#### [What is needed]
Your task is to restate word for word the lines in the material below, from the one with "heating lamps for turtles" up to and including the one with "Low and medium Frequency Electrotherapy". Do not carry over the pictures.

#### [The records]
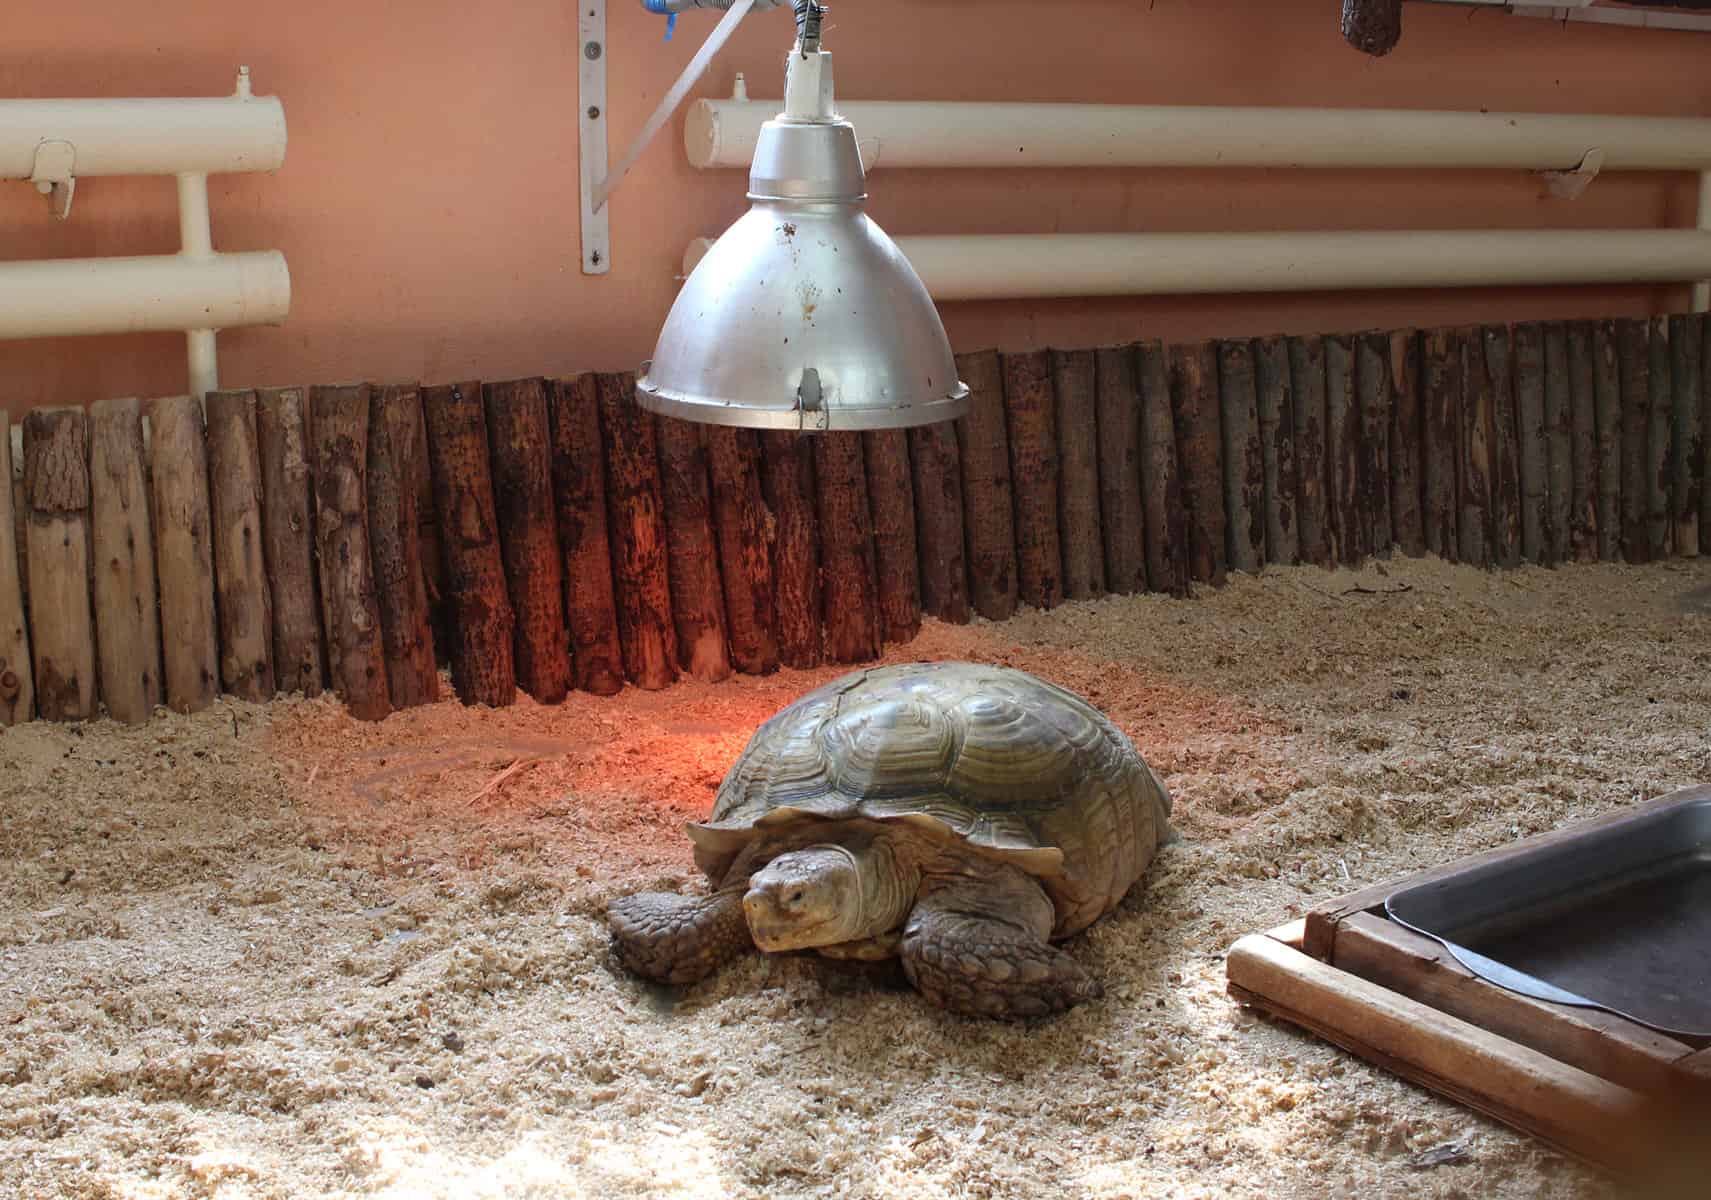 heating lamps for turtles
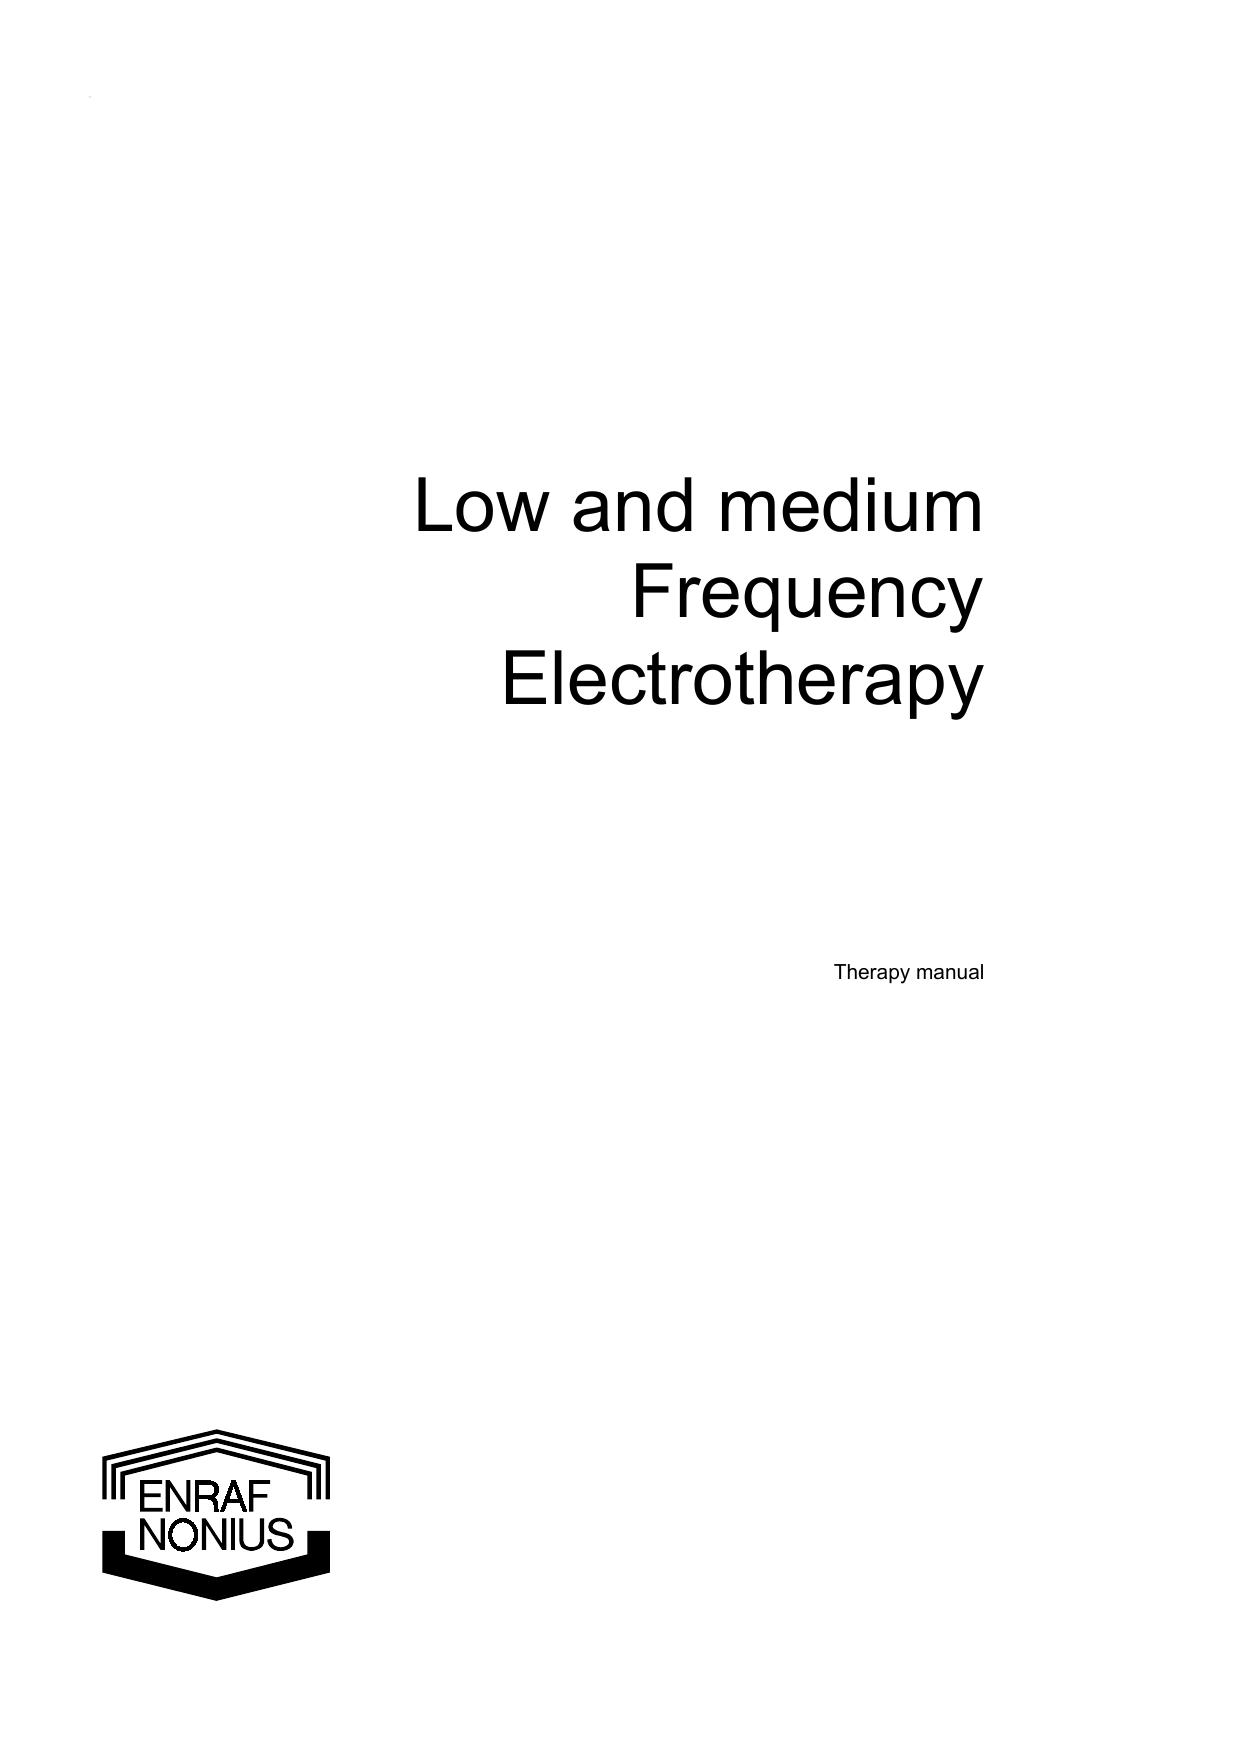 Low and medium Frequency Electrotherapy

...

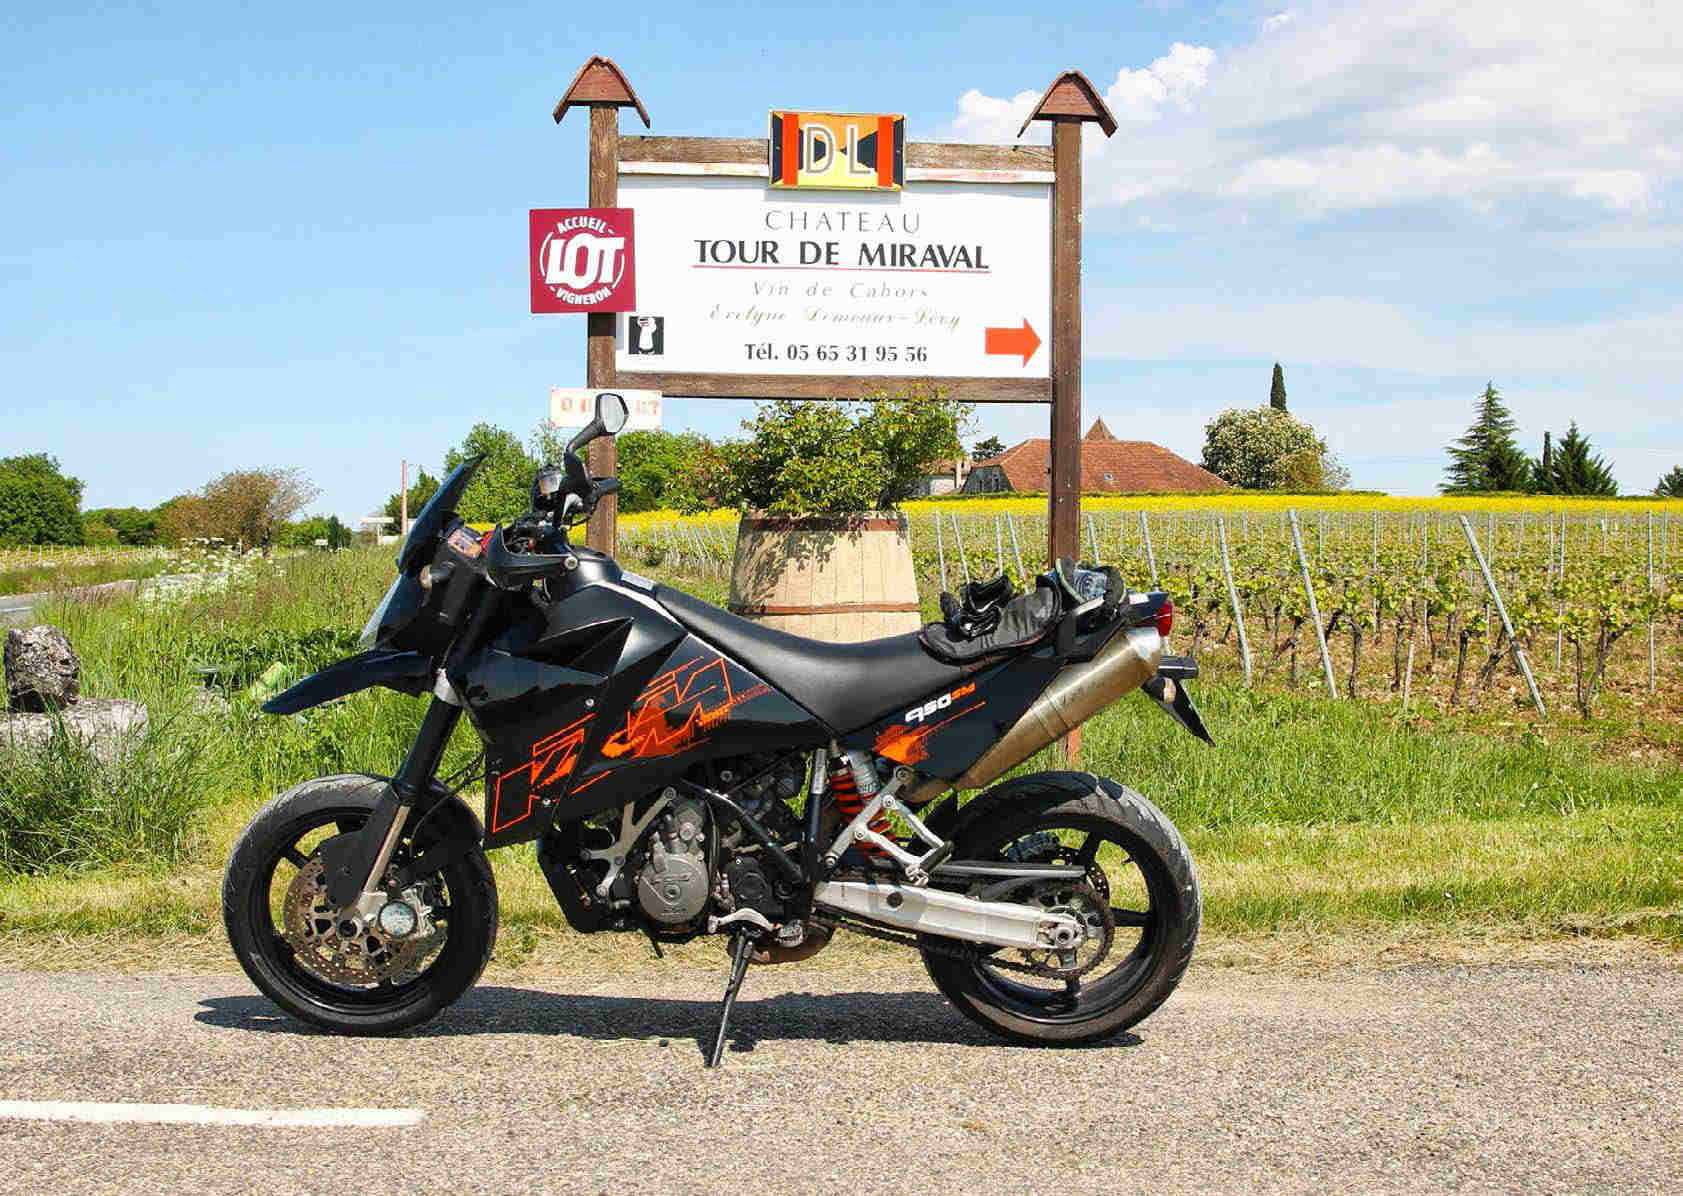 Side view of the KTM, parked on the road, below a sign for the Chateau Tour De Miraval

...

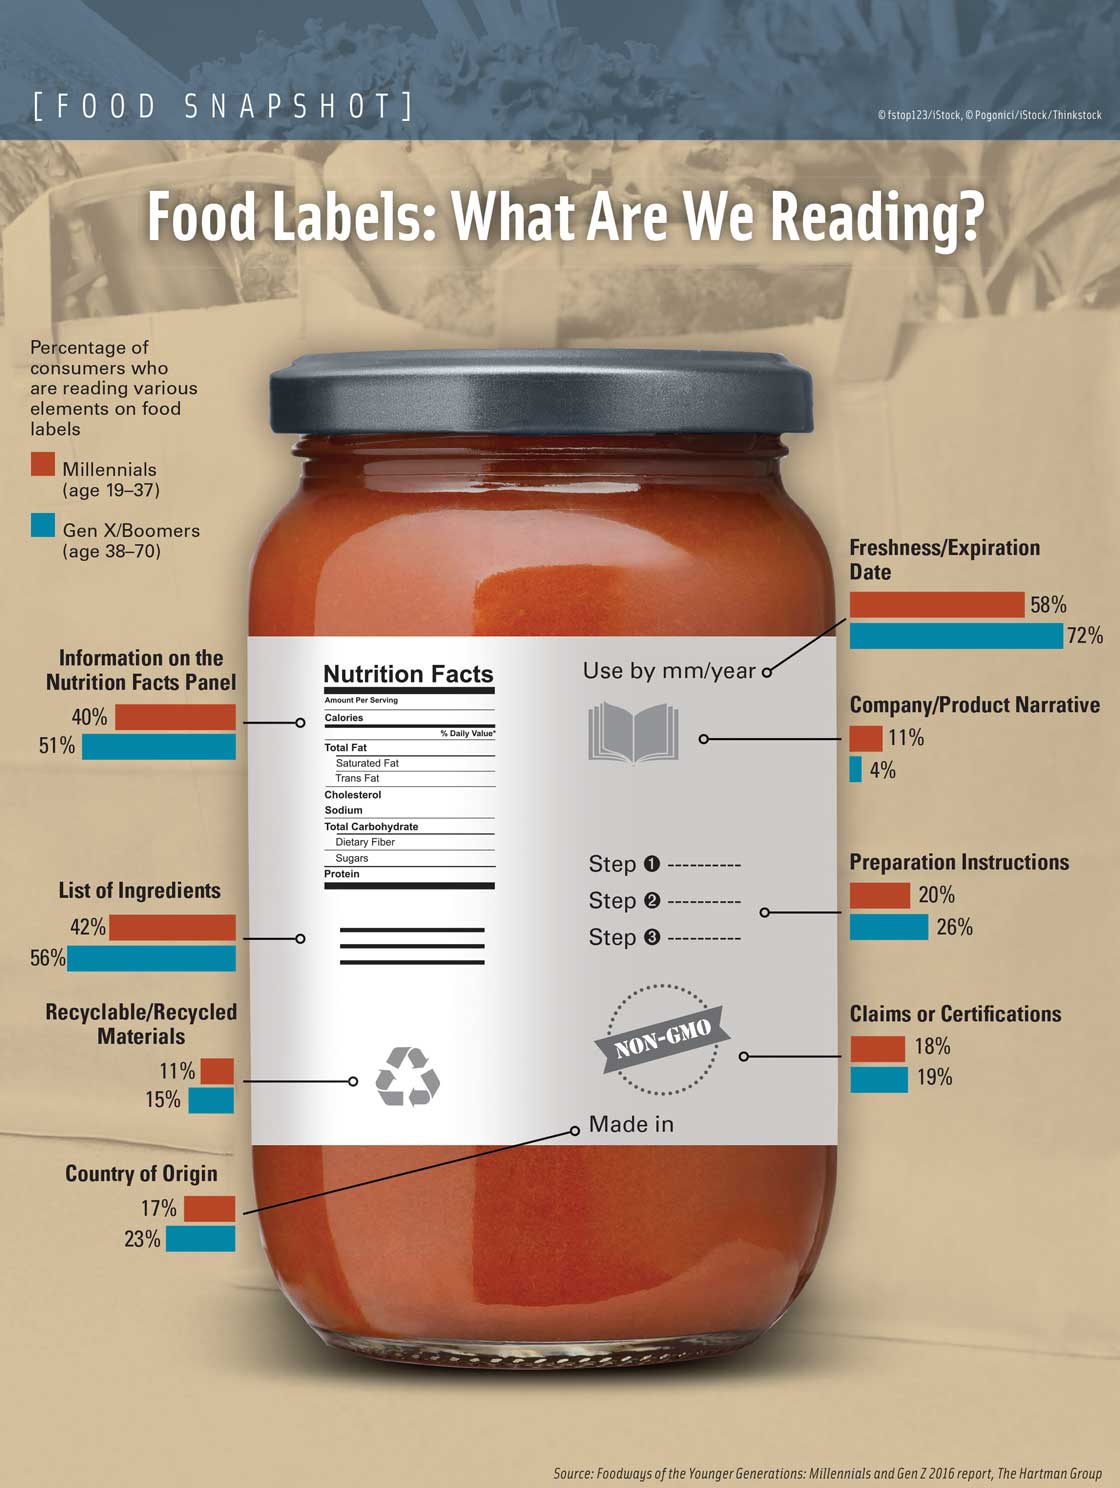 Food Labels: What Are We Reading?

#### [Reply to the exercise]
 heating lamps for turtles
 Low and medium Frequency Electrotherapy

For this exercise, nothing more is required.